The basic "scalar" scientific types are Continuous, Multiclass{N}, OrderedFactor{N} and Count. Be sure you read Container element types below to be guarantee your scalar data is interpreted correctly. Tools exist to coerce the data to have the appropriate scientfic type; see ScientificTypes.jl or run ?coerce for details.

Additionally, most data containers - such as tuples, vectors, matrices and tables - have a scientific type.

Figure 1. Part of the scientific type heirarchy in ScientificTypes.jl.

scitype(4.6)
scitype(42)
x1 = categorical(["yes", "no", "yes", "maybe"]);
scitype(x1)
X = (x1=x1, x2=rand(4), x3=rand(4))  # a "column table"
scitype(X)

Tabular data

All data containers compatible with the Tables.jl interface (which includes all source formats listed here) have the scientific type Table{K}, where K depends on the scientific types of the columns, which can be individually inspected using schema:

schema(X)

Inputs

Since an MLJ model only specifies the scientific type of data, if that type is Table - which is the case for the majority of MLJ models - then any Tables.jl format is permitted. However, the Tables.jl API excludes matrices. If Xmatrix is a matrix, convert it to a column table using X = MLJ.table(Xmatrix).

Specifically, the requirement for an arbitrary model's input is scitype(X) <: input_scitype(model).

Targets

The target y expected by MLJ models is generally an AbstractVector. A multivariate target y will generally be table.

Specifically, the type requirement for a model target is scitype(y) <: target_scitype(model).

Querying a model for acceptable data types

Given a model instance, one can inspect the admissible scientific types of its input and target by querying the scientific type of the model itself:

tree = @load DecisionTreeClassifier
julia> tree = DecisionTreeClassifier();
julia> scitype(tree)
(input_scitype = ScientificTypes.Table{#s13} where #s13<:(AbstractArray{#s12,1} where #s12<:Continuous),
 target_scitype = AbstractArray{#s21,1} where #s21<:Finite,
 is_probabilistic = true,)

This does not work if relevant model code has not been loaded. In that case one can extract this information from the model type's registry entry, using info:

info("DecisionTreeClassifier")

Container element types

Models in MLJ will always apply the mlj convention described in ScientificTypes.jl to decide how to interpret the elements of your container types. Here are the key aspects of that convention:

  • Any AbstractFloat is interpreted as Continuous.

  • Any Integer is interpreted as Count.

  • Any CategoricalValue or CategoricalString, x, is interpreted as Multiclass or OrderedFactor, depending on the value of x.pool.ordered.

  • Strings and Chars are not interpreted as Finite; they have Unknown scitype.

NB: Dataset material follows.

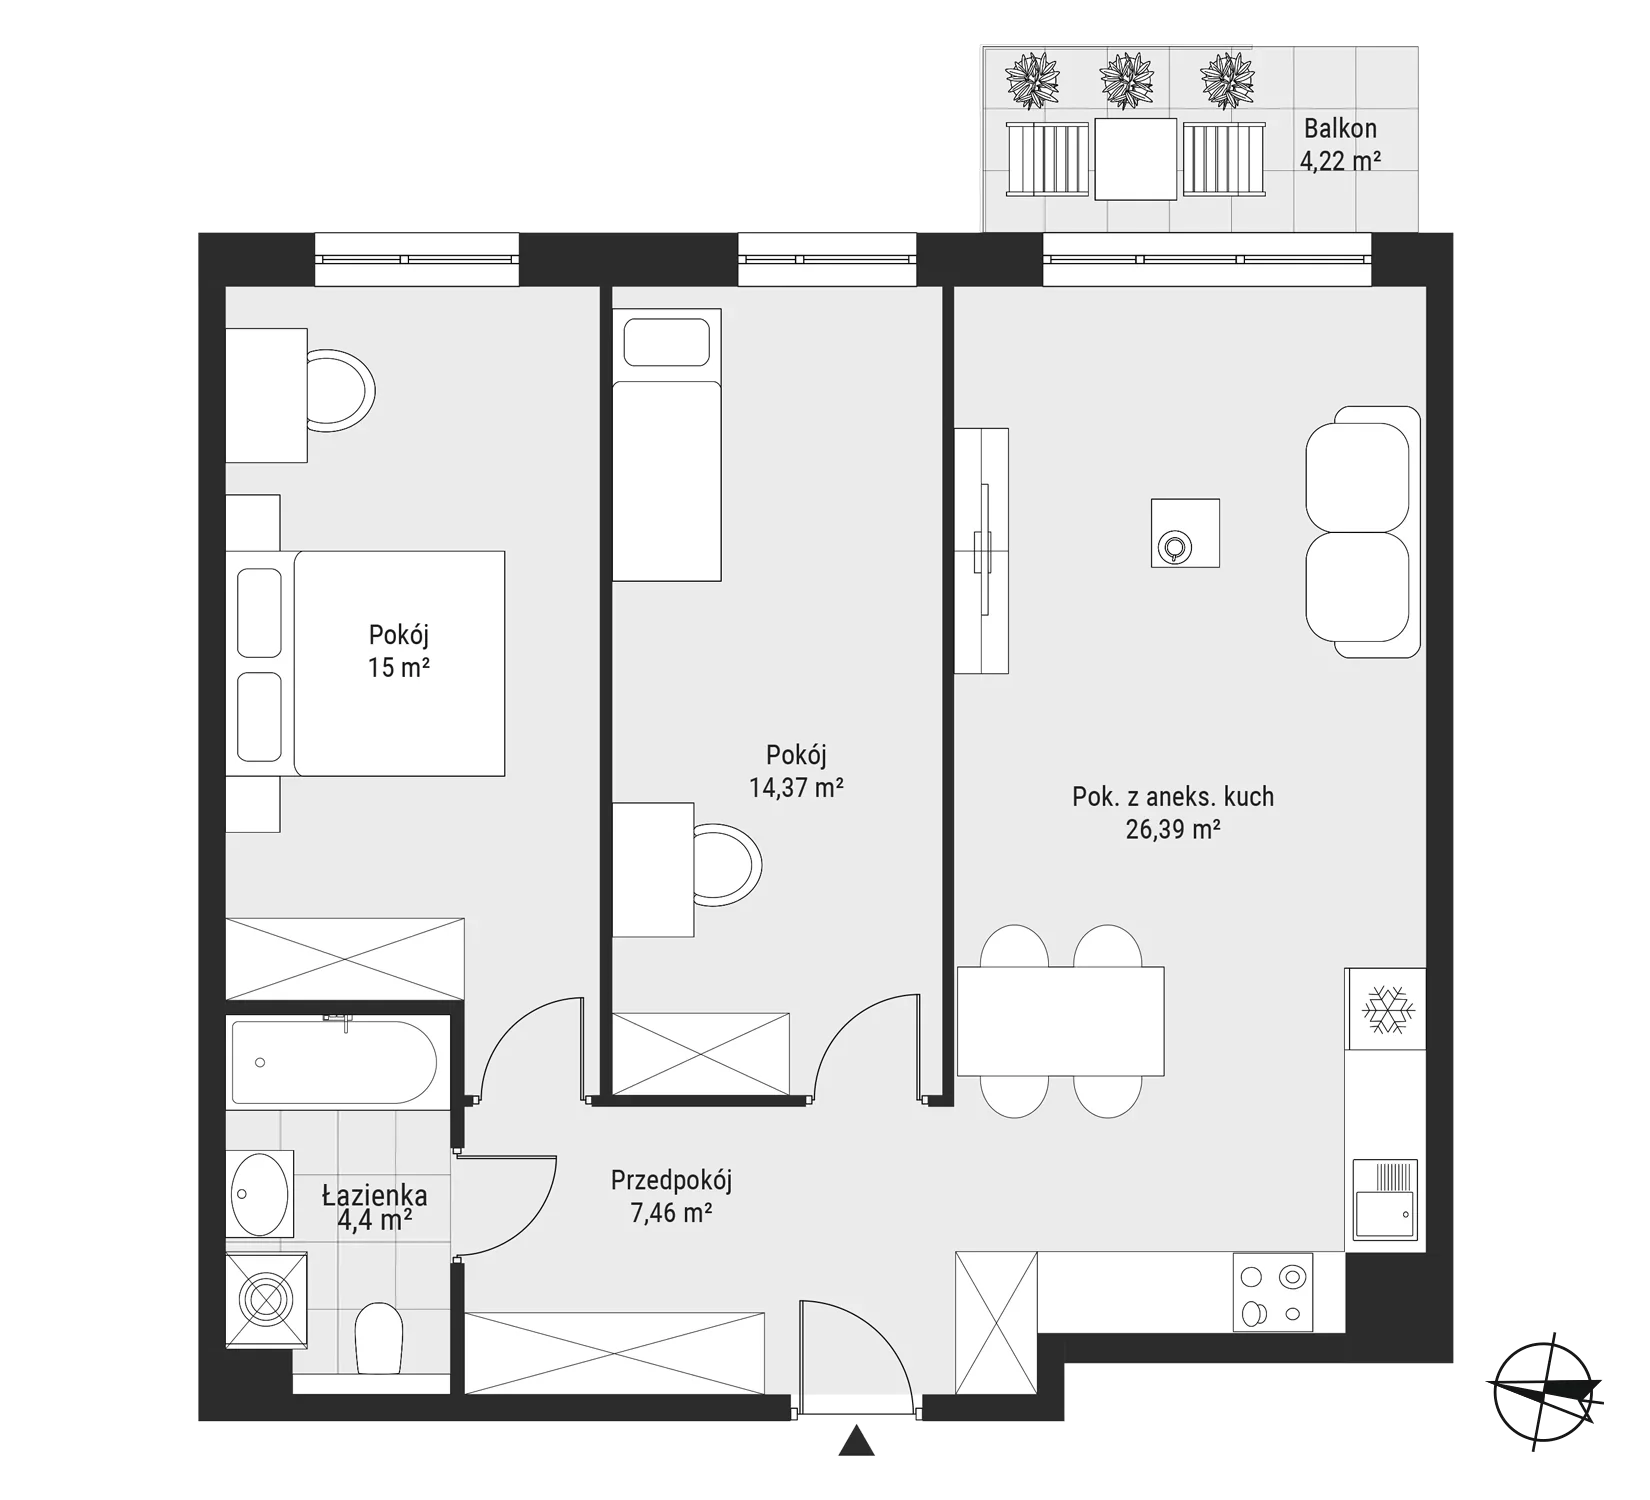 Mieszkanie 67,62 m², piętro 1, oferta nr mieszkanie 16, Bytkowska 3.0, Katowice, Wełnowiec-Józefowiec, ul. Bytkowska

Coerce vectors of strings or characters to CategoricalVectors if they represent Multiclass or OrderedFactor data. Do ?coerce and ?unpack to learn how.

  • In particular, integers (including Bools) cannot be used to represent categorical data.

To designate an intrinsic "true" class for binary data (for purposes of applying MLJ measures, such as truepositive), data should be represented by an ordered CategoricalValue or CategoricalString. This data will have scitype OrderedFactor{2} and the "true" class is understood to be the second class in the ordering.